Give the data again exactly as it appears, excluding any pictures.
─── Given material ───
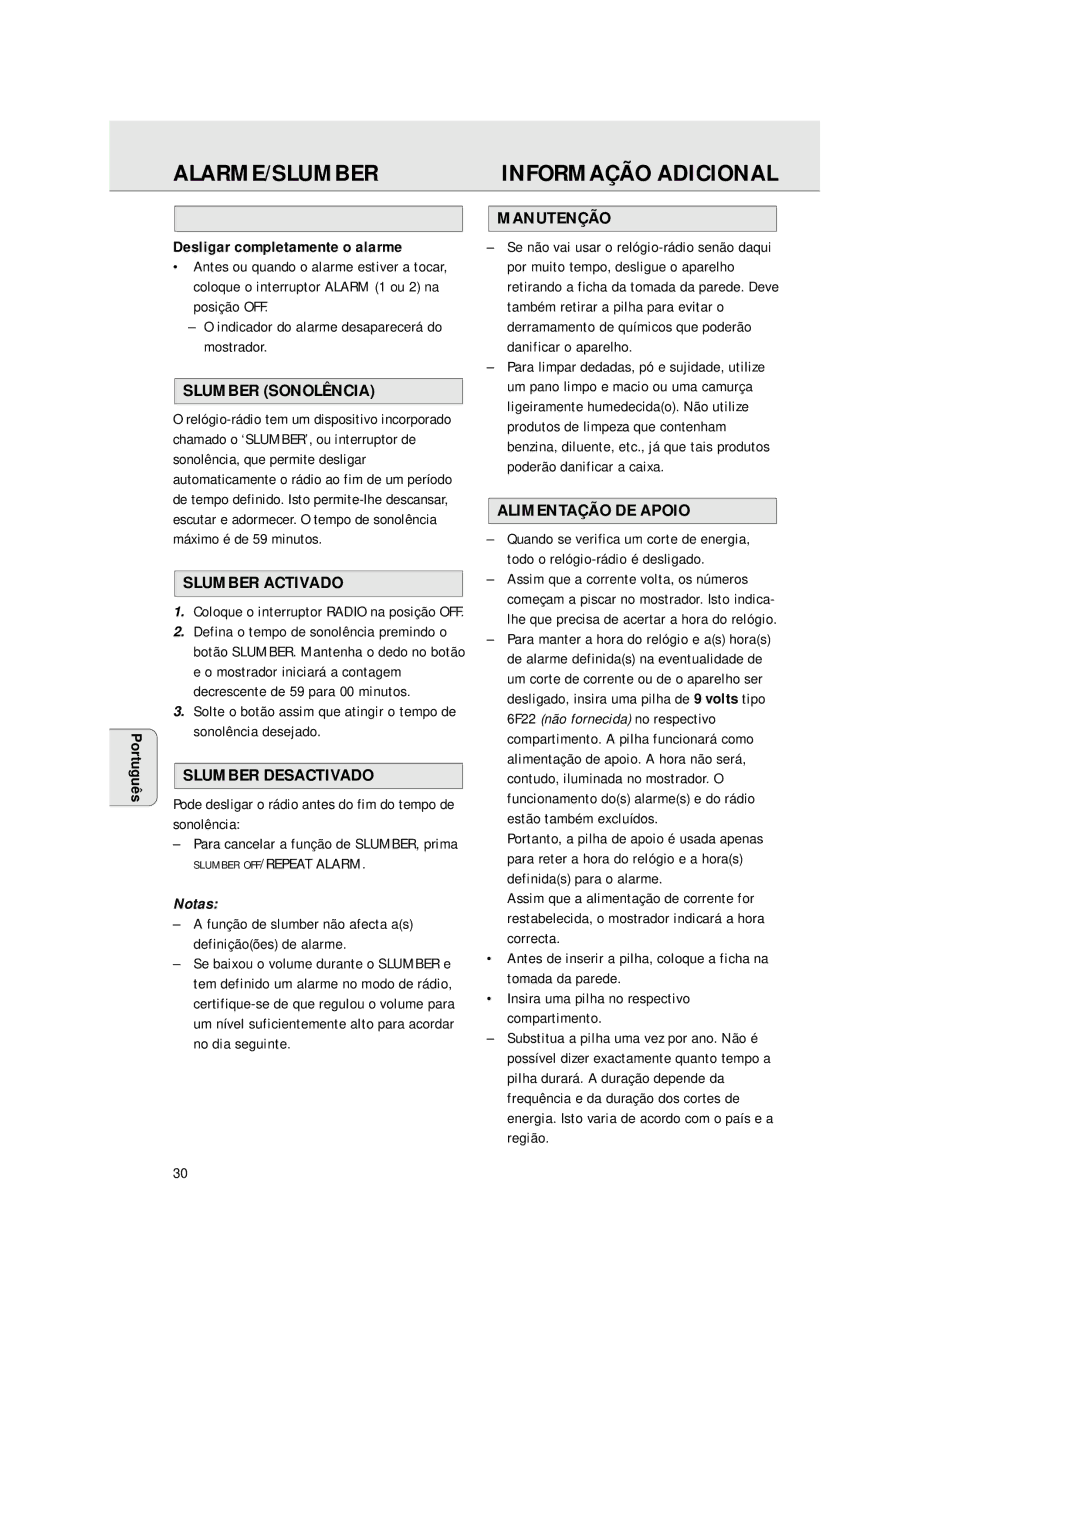 Philips AJ 3380 manual Alarme/Slumber, Informação Adicional 
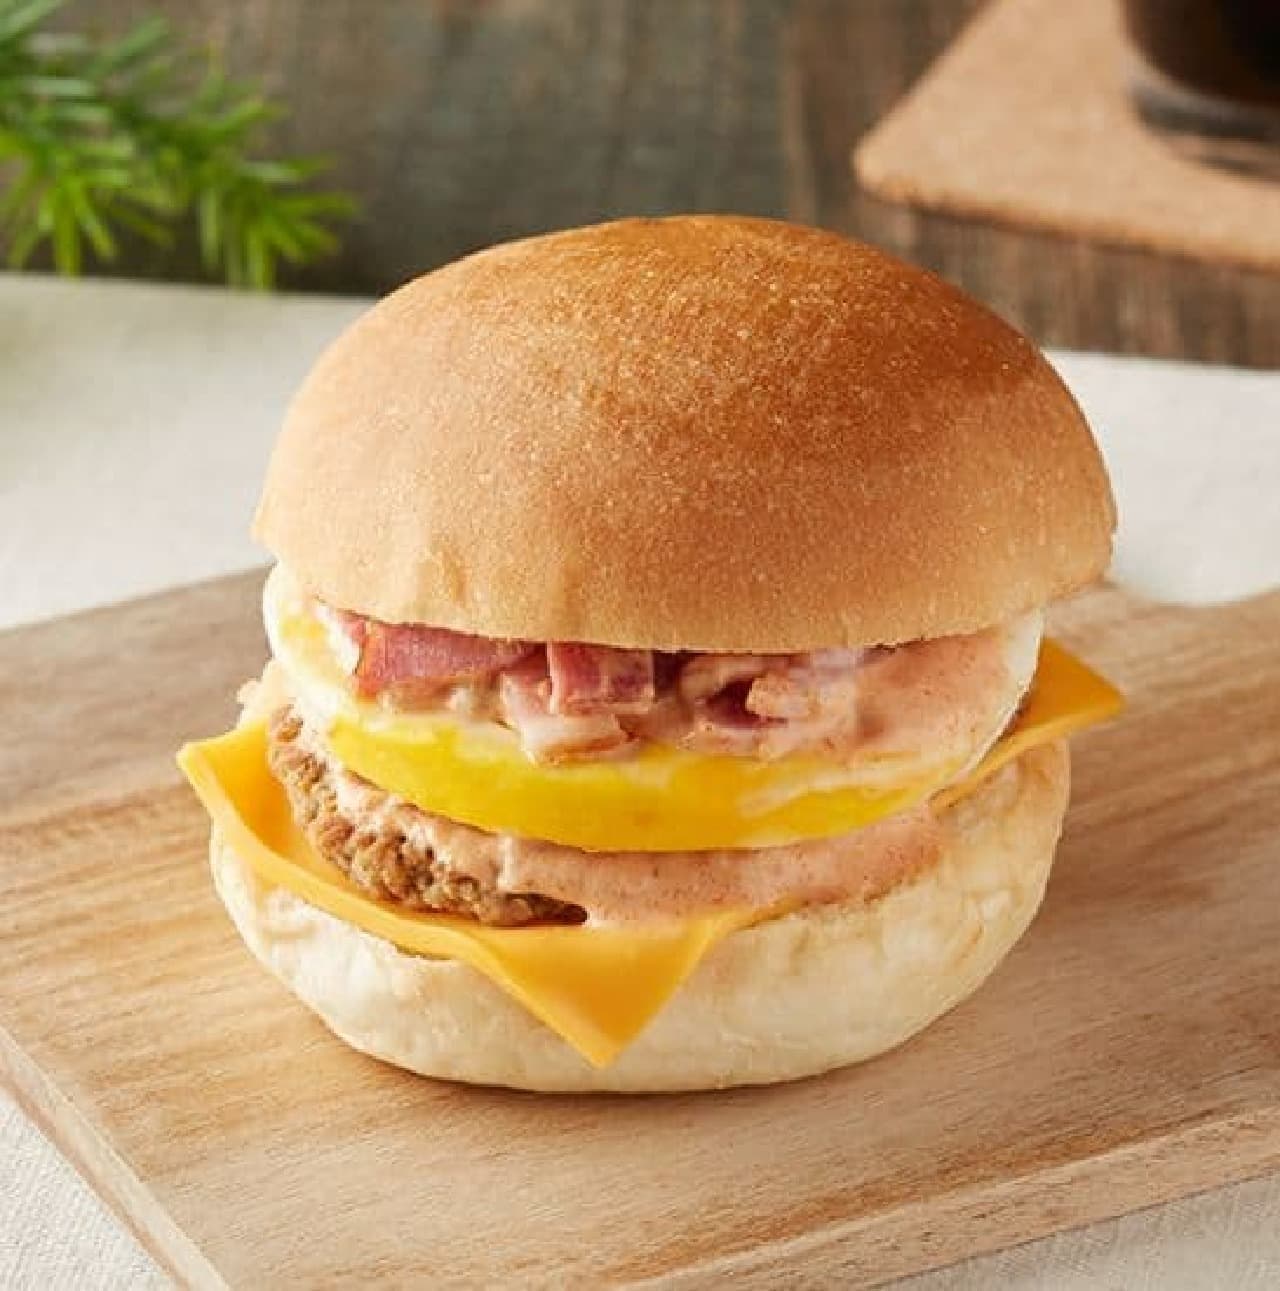 FamilyMart "Bacon and Egg Cheeseburger"
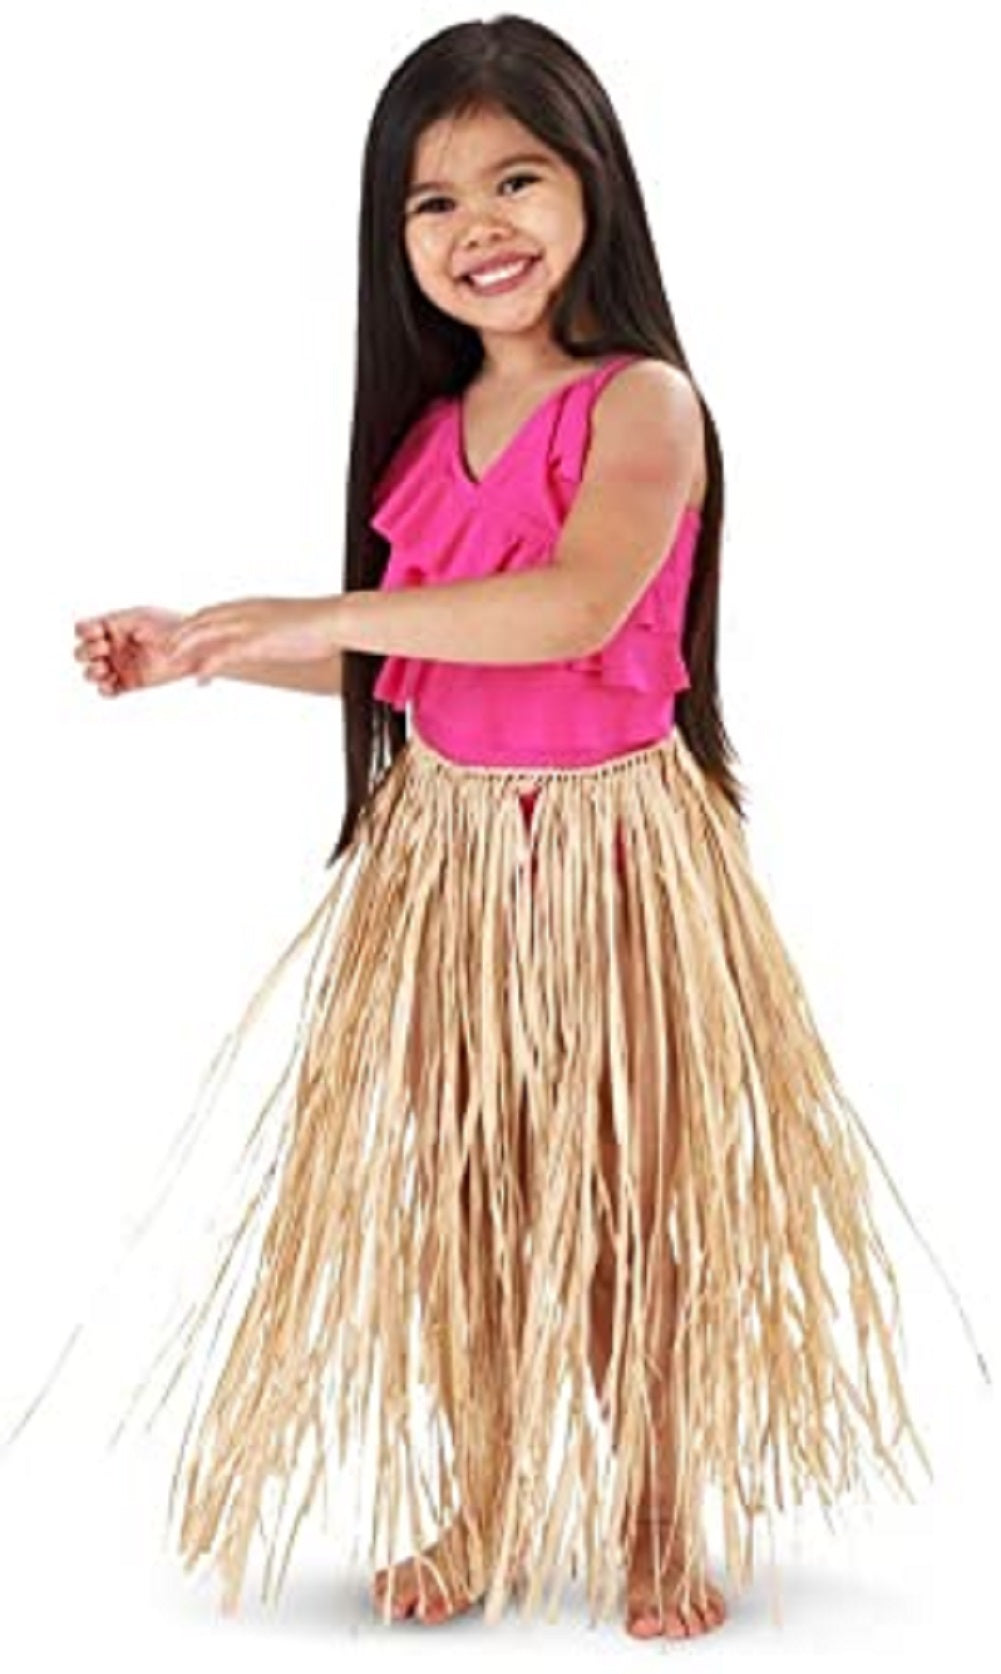 Raffia Grass Skirt - Hawaiian - Natural - Costume Accessory - Large Child/Teen
───
> **Exercise answer**:
 Philips AJ 3380 manual Alarme/Slumber, Informação Adicional 
 FamilyMart "Bacon and Egg Cheeseburger"
 Raffia Grass Skirt - Hawaiian - Natural - Costume Accessory - Large Child/Teen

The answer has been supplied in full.